Much has been made of the marches carried out by the Patriotic Europeans Against the Islamisation of the West (PEGIDA) in Germany over the past couple of months. The German political establishment has been quick to label the group as extremists and has distanced itself from the group’s understandable concerns regarding a rise in the security threat posted by Islamic fundamentalism, which predominantly draws its recruits from the immigrant community.
Whilst there are undoubtedly some unsavoury elements within the PEGIDA movement, the demonstrations reflect a growing feeling of unease across Europe, particularly in light of the Paris terrorist attacks this past week. That these rallies are being held in Germany is of no great significance given that similar events have occurred across the continent in the past year or so. However, because of Germany’s recent history when it comes to racism and religious and ethnic persecution, the protests are being labelled by some as alarming. Why else would 30,000 counter-demonstrators quickly take to the street after a PEGIDA march in Dresden on the 5th January?

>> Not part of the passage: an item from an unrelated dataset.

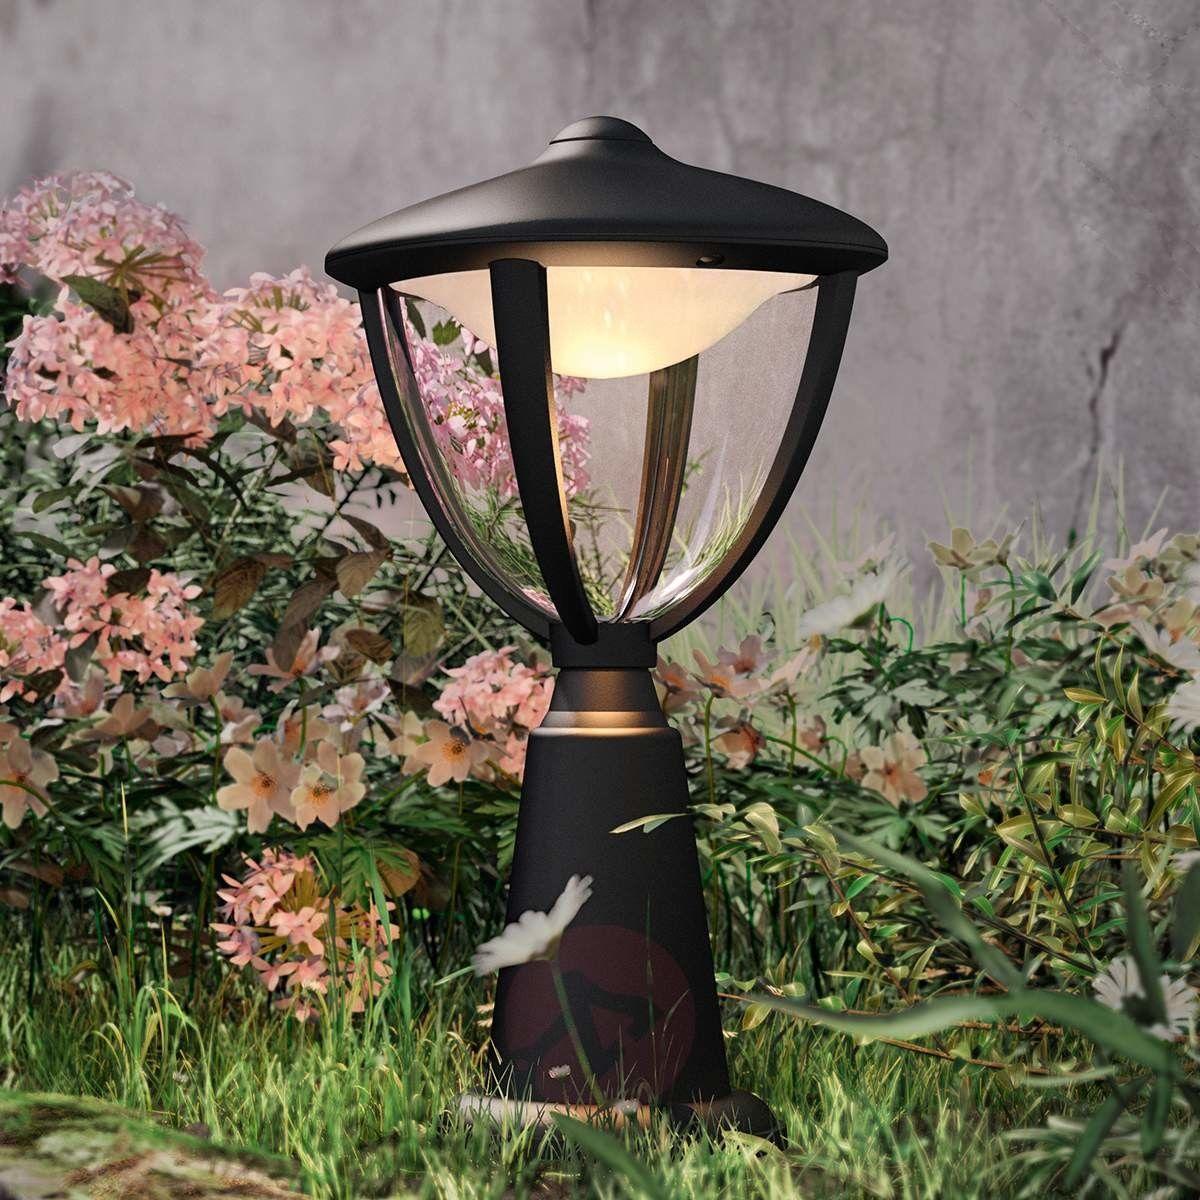 --- WYSYLKA 24H --- Lampa stojąca PHILIPS Robin 15472/30/16 led ledy 154723016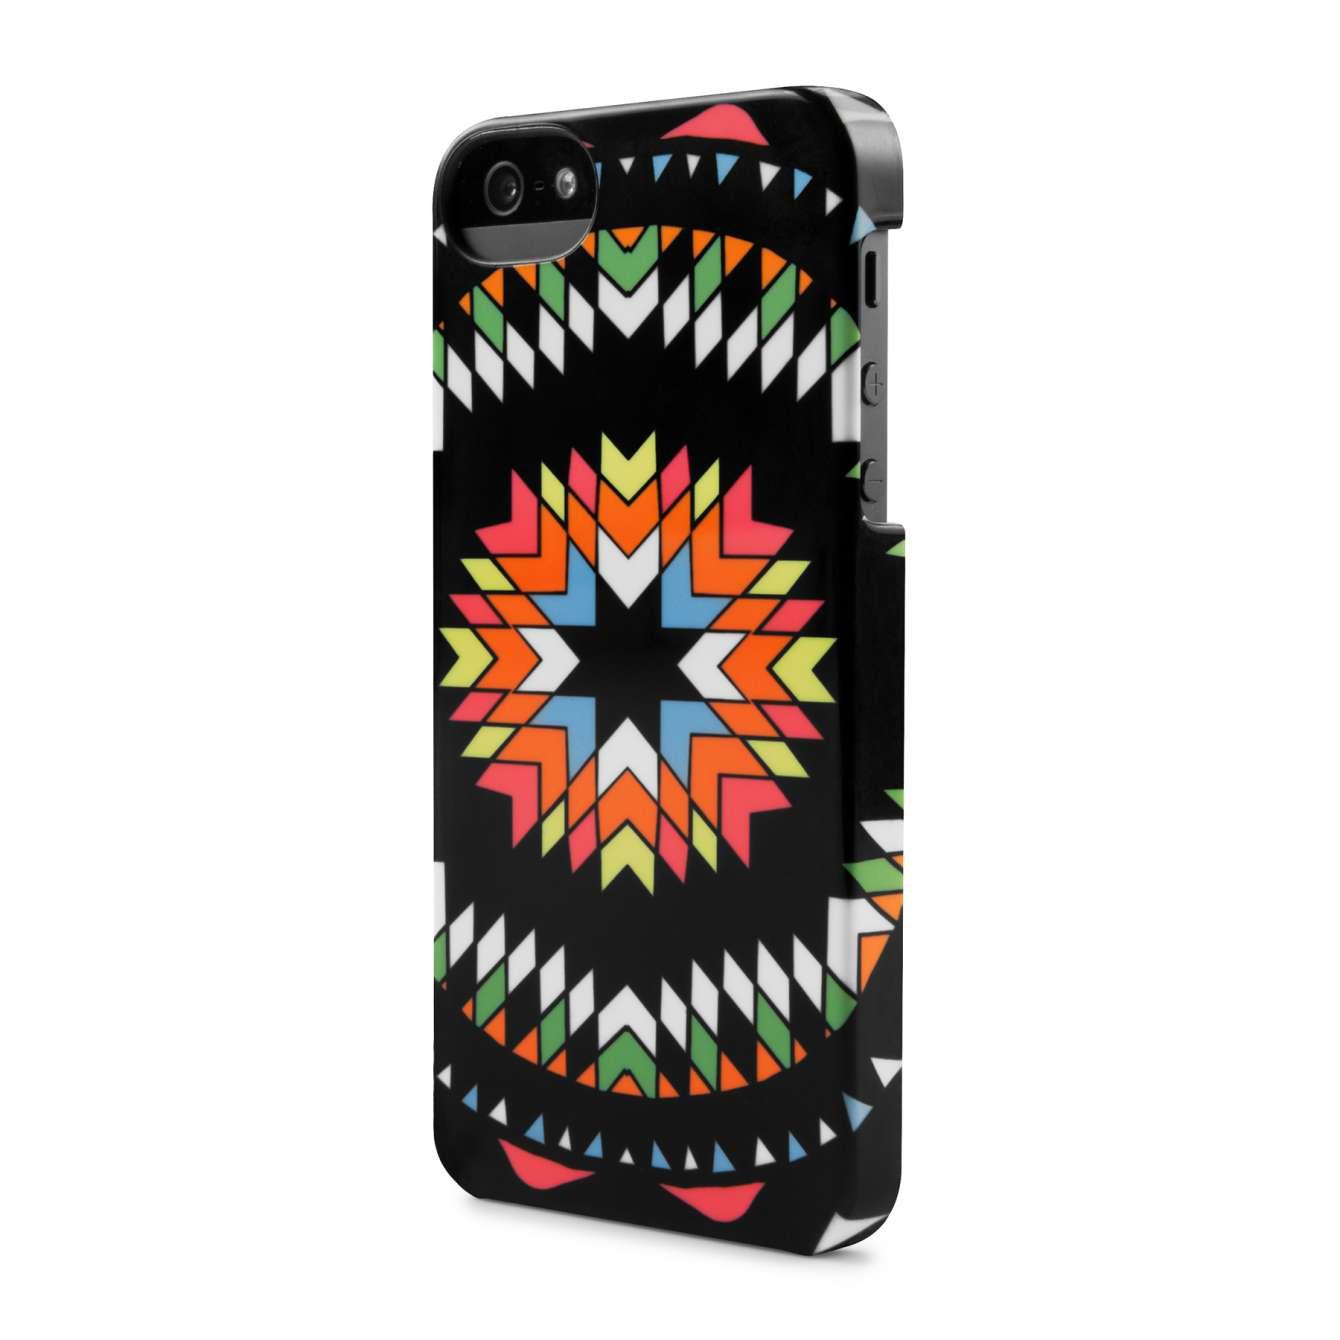 Mara Hoffman x Incase iPhone 5 Snap Cases-2

Ironically, because of the dreadful legacy of Nazism, many Germans feel guilty about voicing any sentiments that may be construed as intolerant or racially offensive. As such, a violent anti-Islamic mass movement is far less likely to occur here than in the Mediterranean, Central Europe or even France.
It is a similar situation to Japan where the attempts by Shinzo Abe’s government to reform the country’s pacifist constitution have set alarm bells ringing across East Asia because of Japan’s brutal WWII militarism. Again, however, the majority of the Japanese population have absolutely no desire to see a return to the ultra-nationalism that led their country along a devastating path of war and destruction. Like the Germans, the new generations of Japanese pride themselves on being a peace-loving and tolerant people.
Using recent history as a prophecy of doom is somewhat misleading in the case of Germany’s nascent anti-Islamic movement, as it is with Japan’s desire to return to being a ‘normal’ country. Demonstrations and marches by a tiny proportion of the population is far less disconcerting than the covert actions of violence and hate perpetrated by the likes of Cherif and Said Kouachi.
Our democratic instincts and insistence on religious/ethnic tolerance in the West seem to prohibit us from confronting the real dangers to our society. Rather, we feel guilty even contemplating the idea that a non-indigenous belief system could undermine our very way of life. It seems that many of us would rather find faults with ourselves, diverting attention away from more pressing matters for the sake of a tenuous historical link which bears no relevance to the geopolitical realities of the day.